Near the end of his book, Scheuer finally states his solution clearly: the American government needs to stop fighting a half-hearted war that is more like an act of policing. Instead, Americans need to realise they are in a real war, major casualties are inevitable, and many people will die. When it comes to the Muslim world, a lot of Muslims need to die too, “The piles of dead will include as many or more civilians as combatants because our enemy wears no uniforms.” (p. 241) However, killing thousands or millions of Muslims is not enough,
With killing must come a Sherman-like razing of infrastructure. Roads and irrigation systems; bridges, power plants, and crops in the field; fertilizer plants and grain mills – all these and more will need to be destroyed to deny the enemy its support base. (p. 241)

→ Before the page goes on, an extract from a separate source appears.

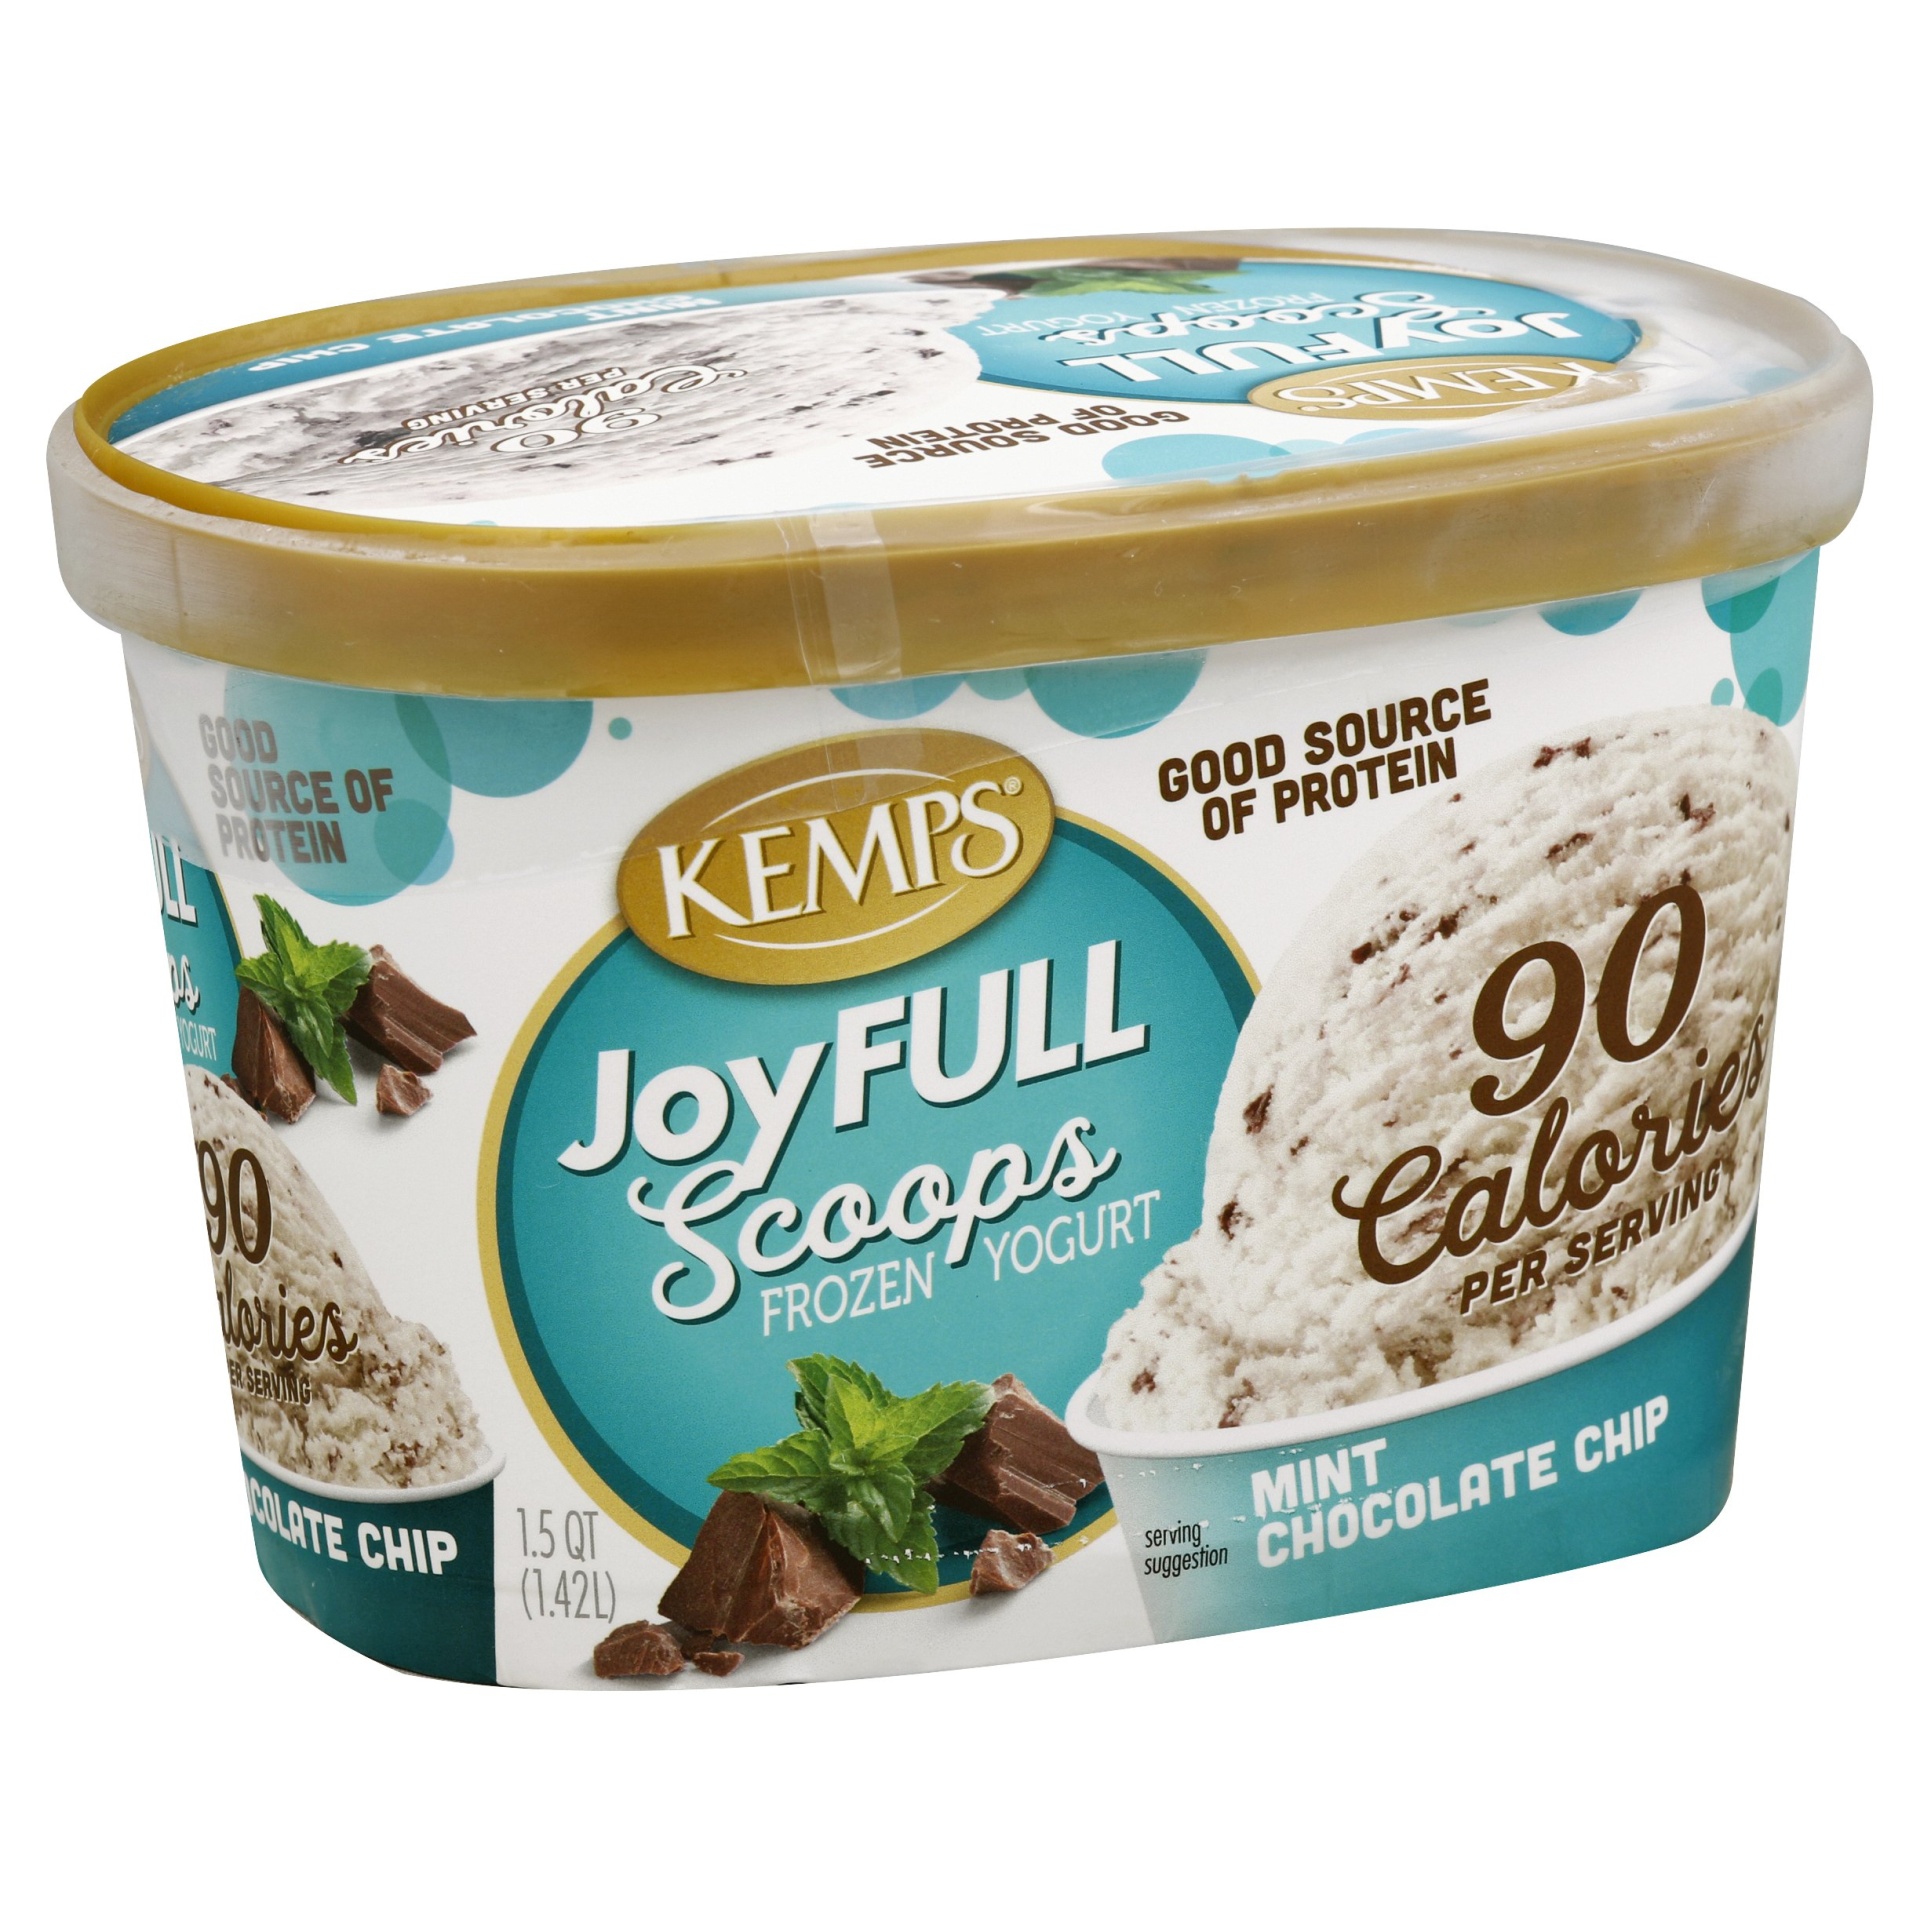 slide 1 of 1, Kemps JoyFULL Scoops Mint Chocolate Chip Frozen Yogurt, 1.5 qt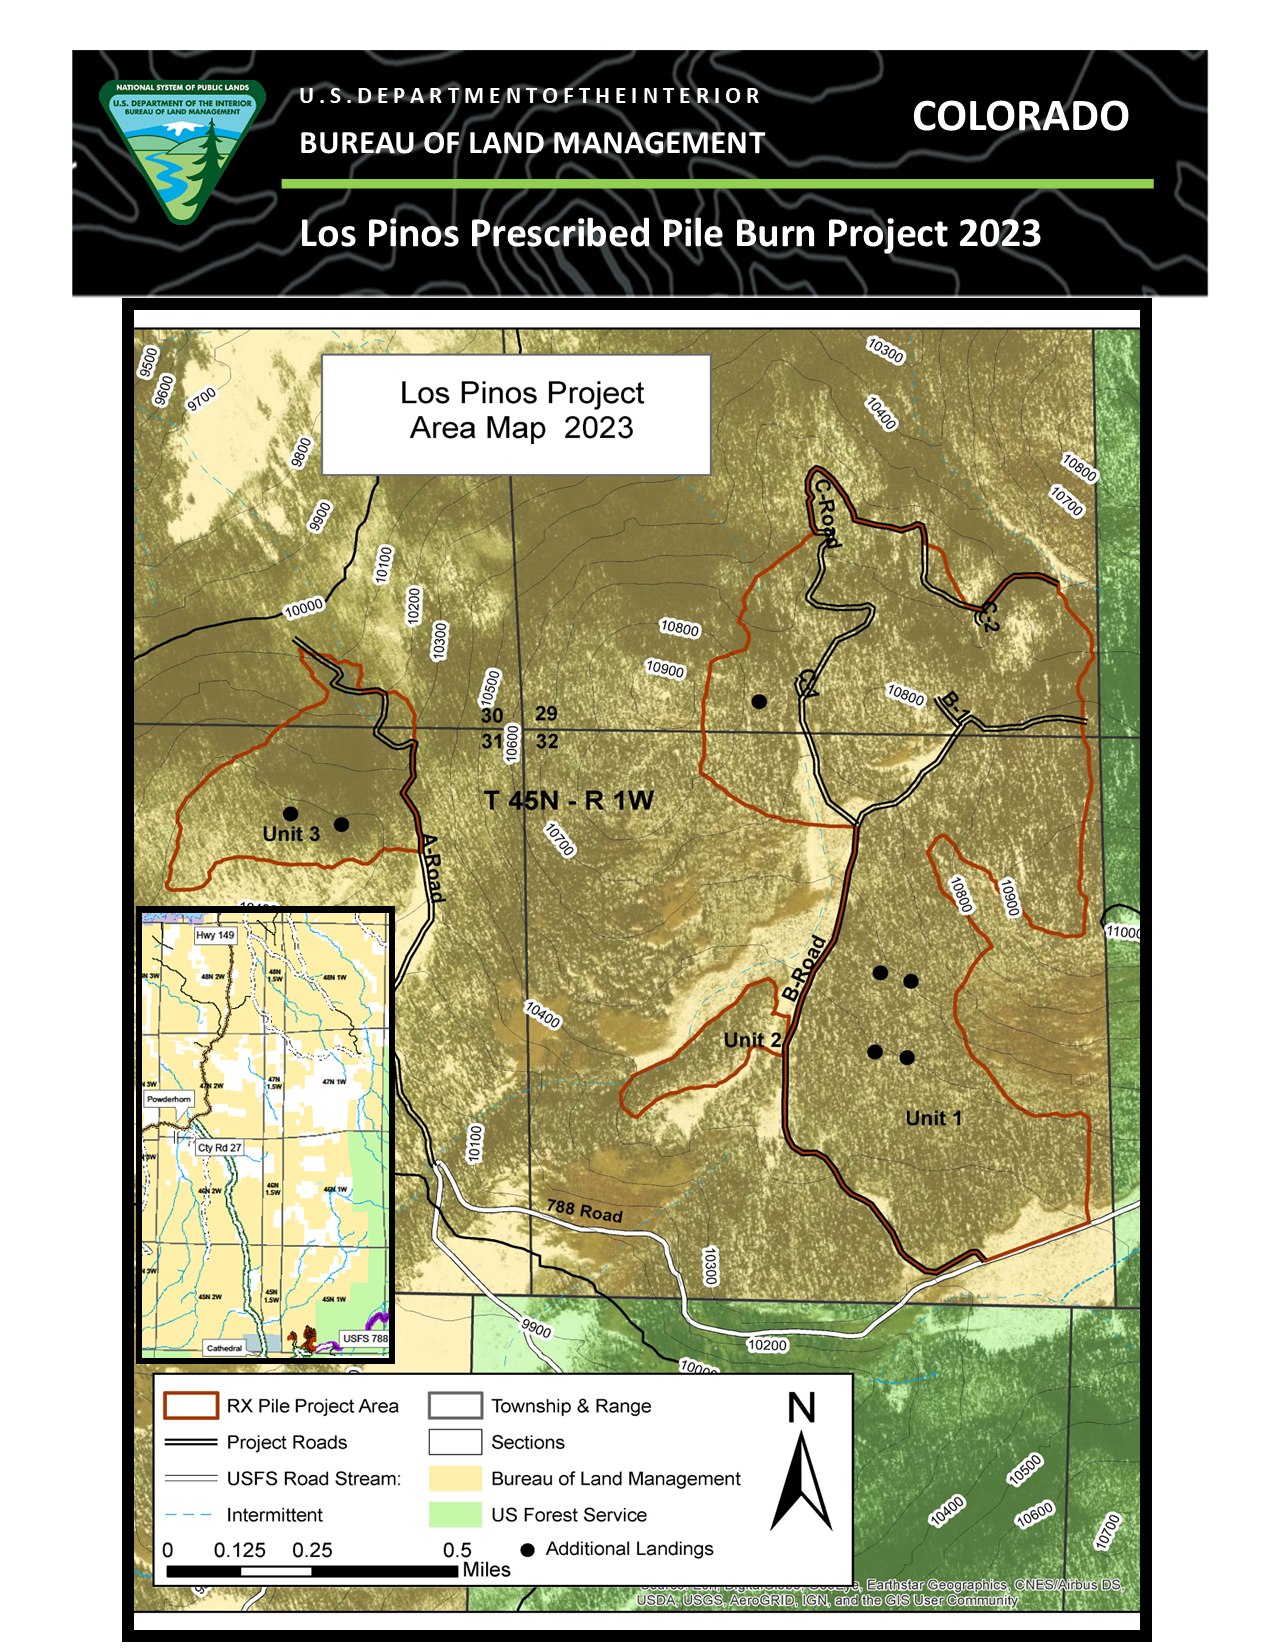 Los Pinos Prescribed Fire Pile Project Map 2023

When he wrote these words, the US military was fighting in Iraq and Afghanistan. How many millions of Muslims would have died had Scheuer got his way? Why would they need to die anyway? Would it not have been easier for America to simply follow a peaceful foreign policy and send the troops home? That is what Ron Paul called for in 2008 (and 2012). I think Scheuer would have seen this as an act of weakness. This is really where I part company with him. Having made an excellent historical case why the Muslim world hates the United States government, I think he draws exactly the wrong conclusions on how to end the war on the Muslim world. It is fortunate that he never got his way because the American government would be even more hated. Stacks of human skulls would no longer be equated with just the Khmer Rouge.
The Americans retreated from Iraq years ago, and, as I write this in the summer of 2021, they are retreating from Afghanistan after twenty years. Of course, Osama bin Laden is long dead, but his goal of bankrupting America seems well under way. Estimates vary, but the cost of the war on terror has run into the trillions.